Donc, c'est bien nous qui l'avons éliminé, pas Dieu. C'est là que nous rencontrons une autre cause de notre malaise devant la Croix. On nous répète que Dieu est Amour et, en même temps, que c'est lui qui a voulu la crucifixion. Les hommes ont offensé Dieu. Ce Dieu, vu comme un suzerain omnipotent, exige que l'offense soit réparée. Or l'homme, s'il est assez grand pour produire des méfaits qui blessent Dieu, est trop petit pour les réparer. Le Fils va s'en charger. Dieu est ainsi présenté comme responsable de la crucifixion. Certes, on pourrait produire certains textes scripturaires qui ont l'air d'aller dans ce sens, y compris le «que ta volonté soit faite et non la mienne». Heureusement, d'autres textes innocentent Dieu, en particulier Actes 4,10 : «Ce Jésus que vous avez crucifié, Dieu l'a ressuscité». Conclusion : c'est nous qui dressons les croix, tous les jours, au Proche-Orient, en Afrique, partout dans le monde. Ces croix, le Christ les assume toutes.

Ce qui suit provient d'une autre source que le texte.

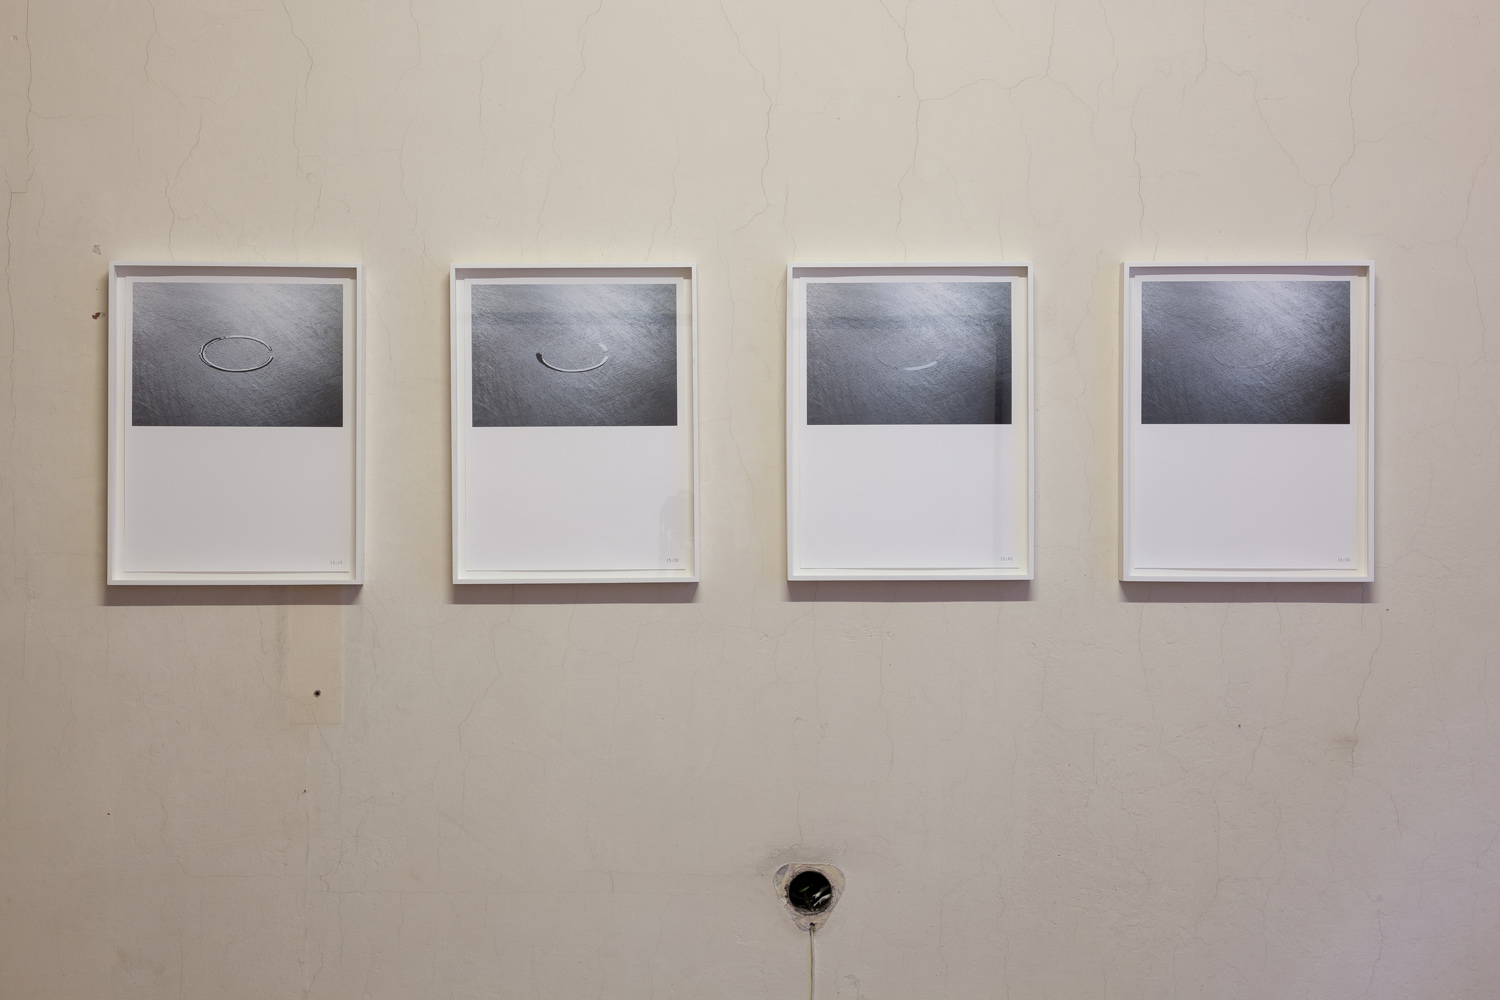 Mikko RikalaEvaporation of a circle, 2017Pigment print40 x 20 cm eachED 1/5 + 2 AP

L'amour unit pour le meilleur et pour le pire. Dieu a voulu venir avec nous jusque dans le pire ; mais c'est pour nous conduire de là jusqu'au meilleur. Partout où l'homme peut aller, Dieu vient le rejoindre ; il descend jusque dans nos enfers, pour nous en arracher. Le voici au rang des malfaiteurs et de leurs victimes. Jamais, nulle part, nous ne sommes seuls. Telle est la volonté de Dieu, du Père.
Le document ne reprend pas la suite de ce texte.